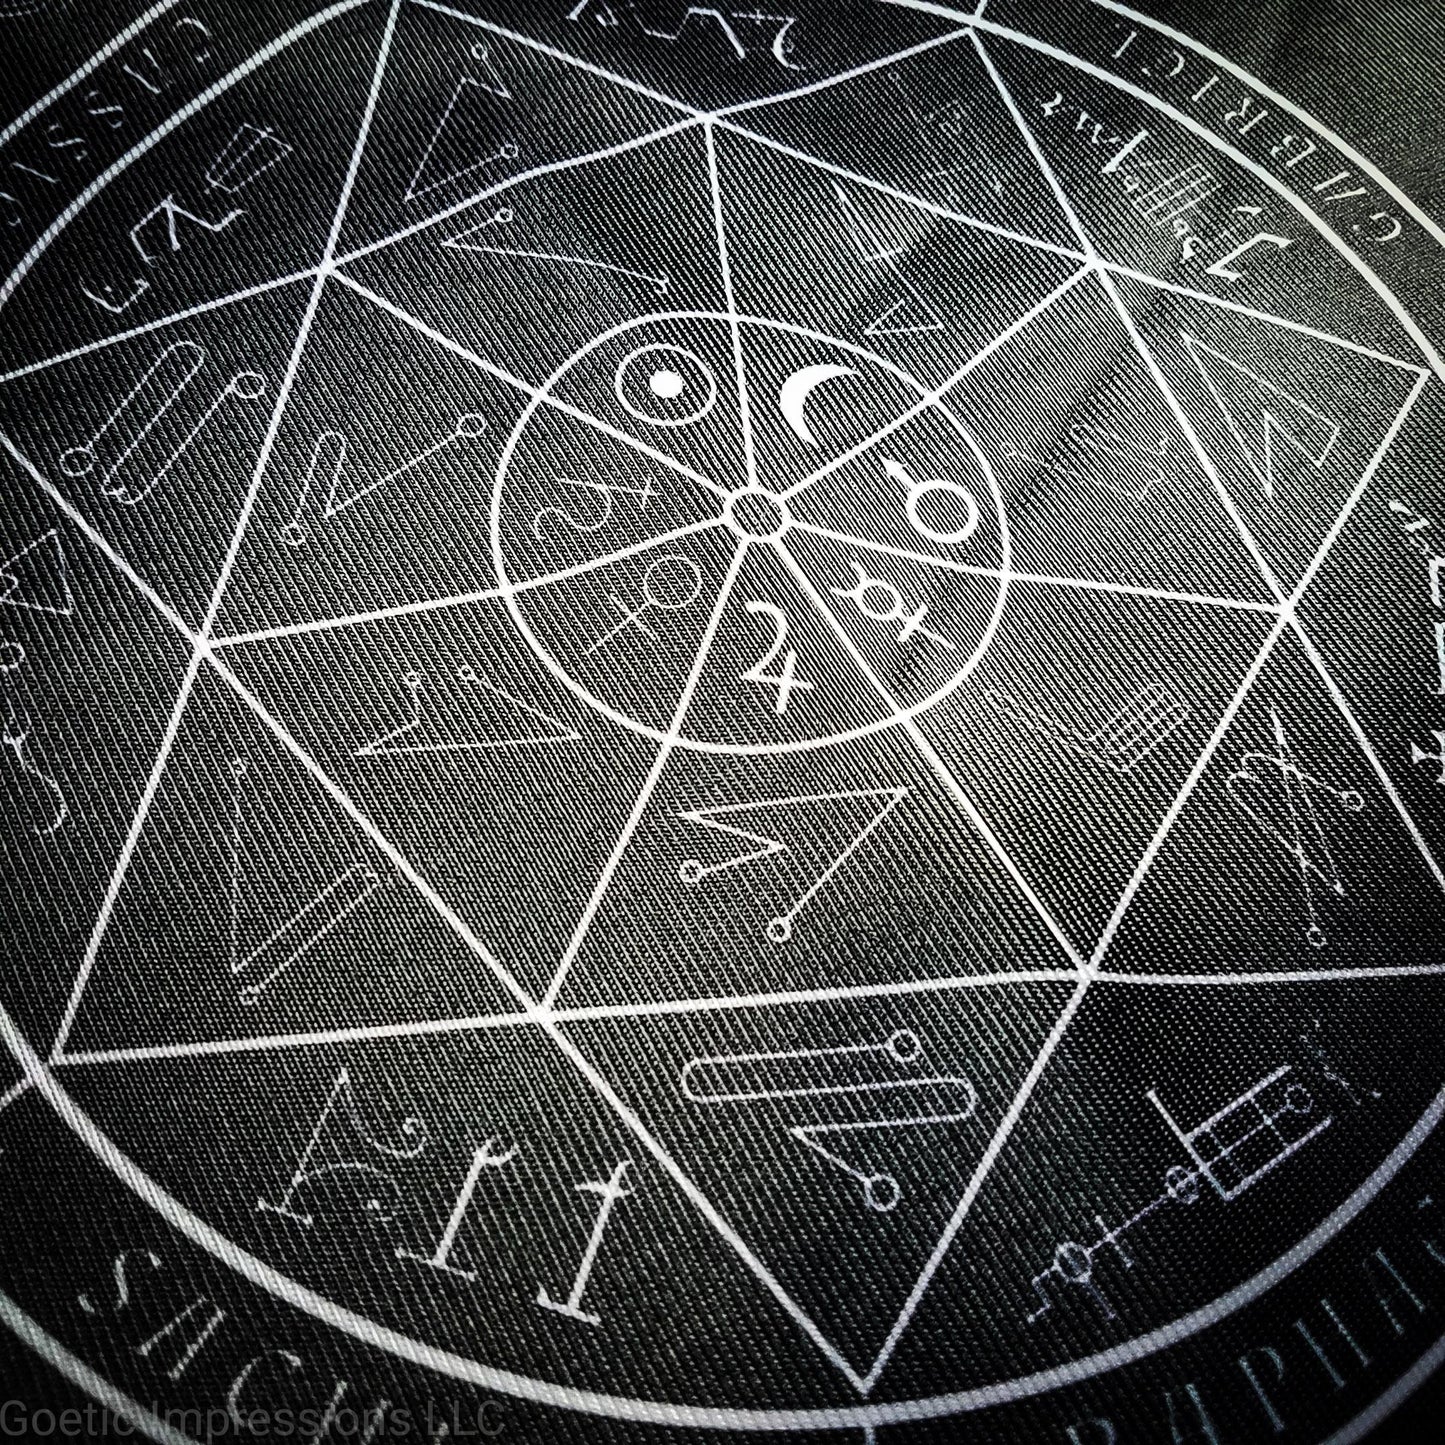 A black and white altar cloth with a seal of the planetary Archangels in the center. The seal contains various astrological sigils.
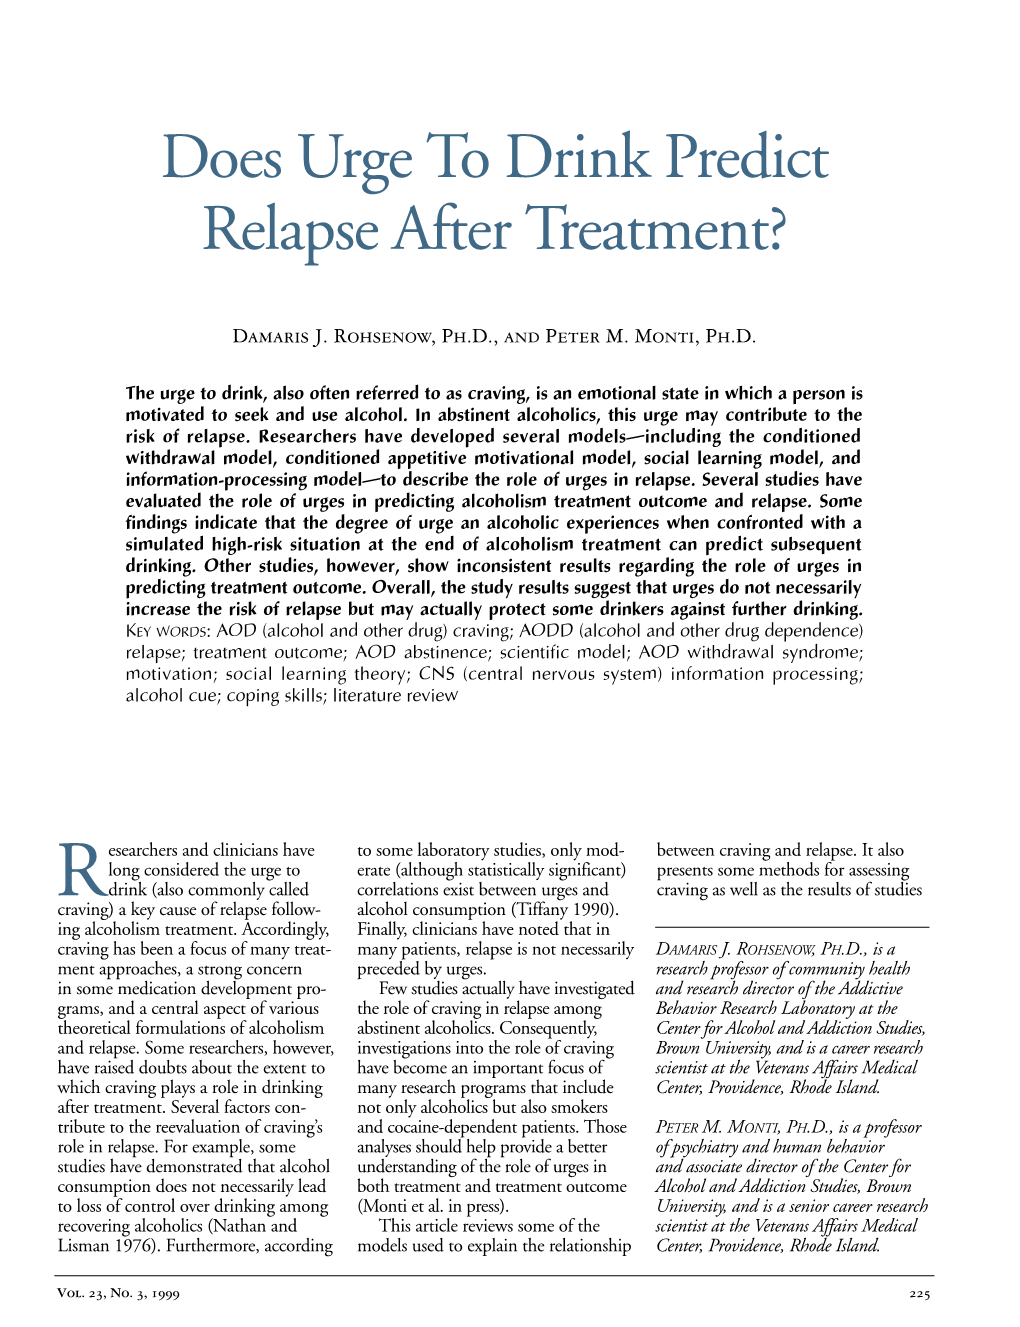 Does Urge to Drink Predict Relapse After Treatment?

---

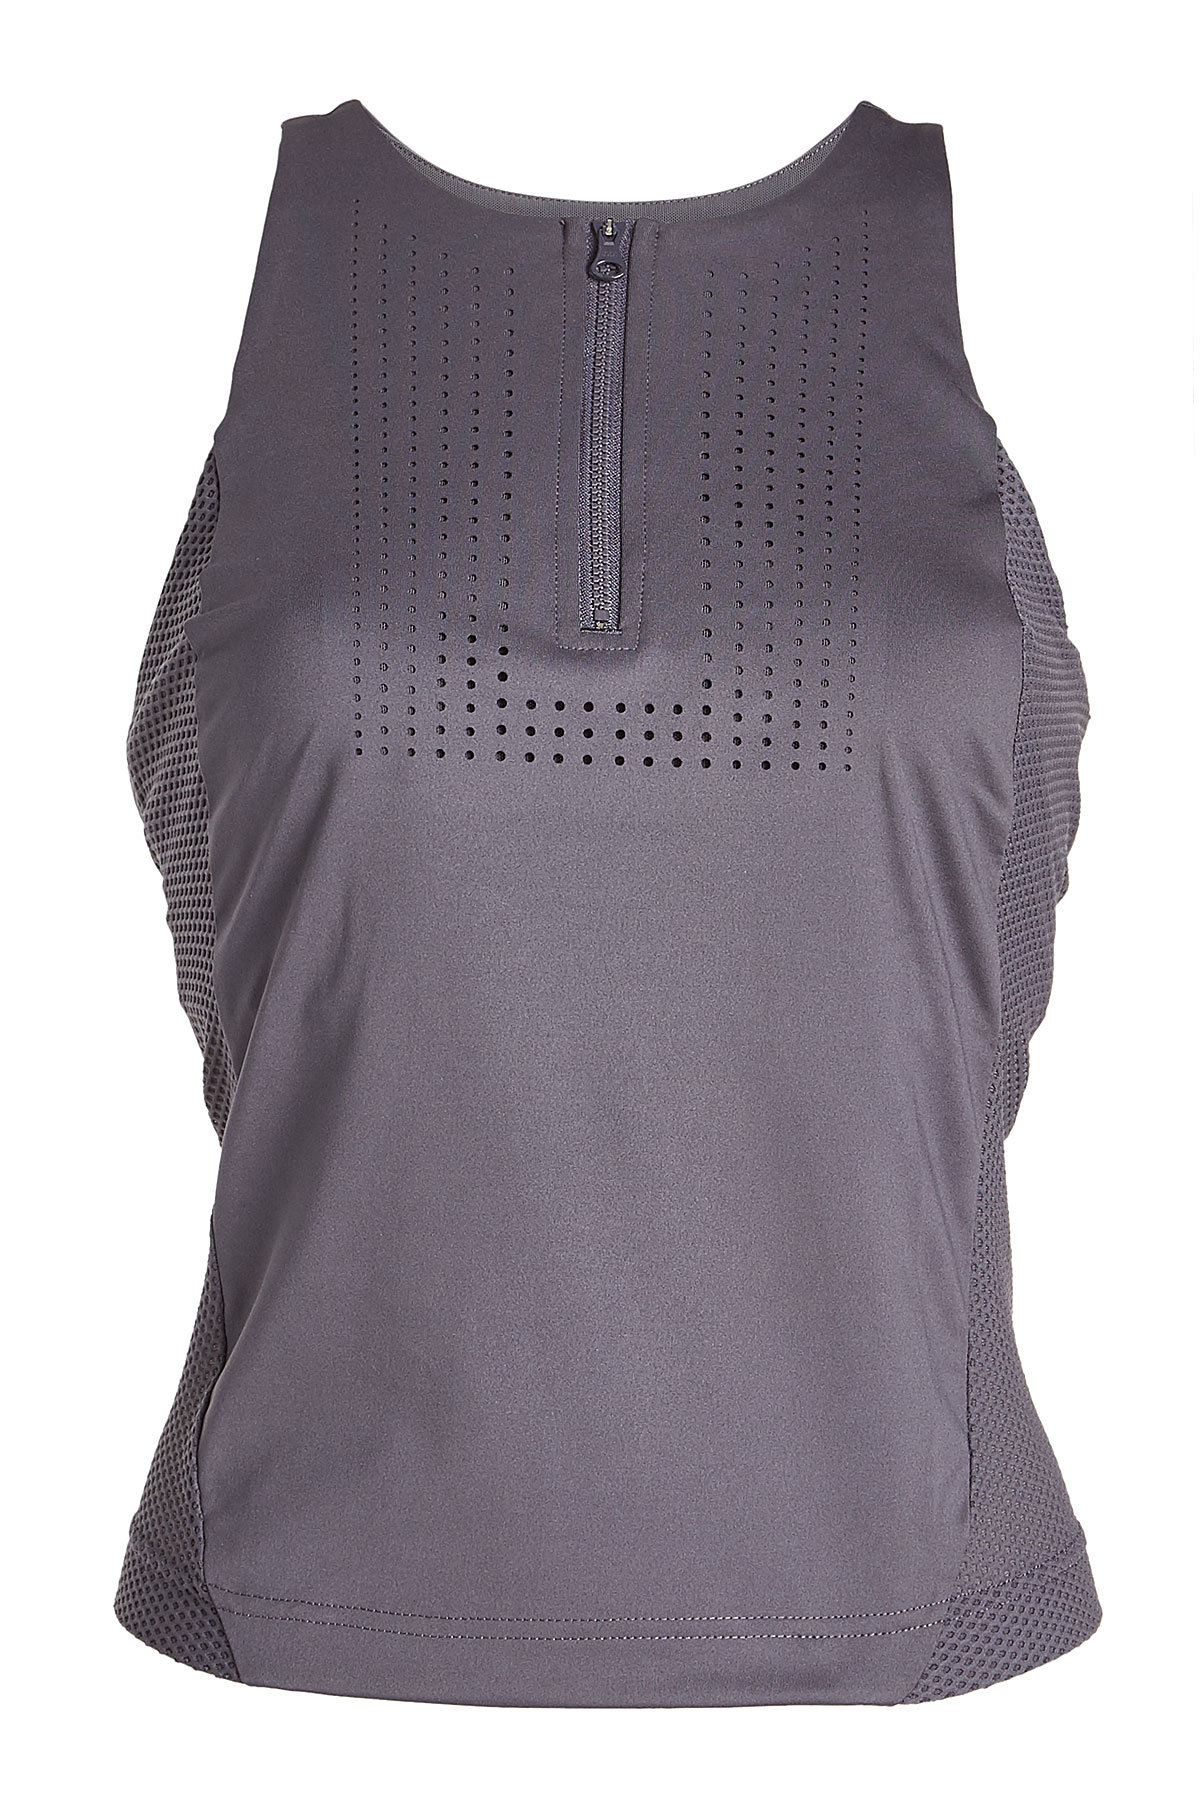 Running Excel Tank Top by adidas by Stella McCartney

==

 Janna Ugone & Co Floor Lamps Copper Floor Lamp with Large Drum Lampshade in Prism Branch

*INSTRUCTIONS FOR THE TASK:* Nothing outside the stretch above, from the line with "A black and" through the line with "Does Urge to", is set down. Transcribe that stretch exactly, ends included, but not its pictures.

*SOLVED EXERCISE:*
 A black and white altar cloth with a seal of the planetary Archangels in the center. The seal contains various astrological sigils.
 Does Urge to Drink Predict Relapse After Treatment?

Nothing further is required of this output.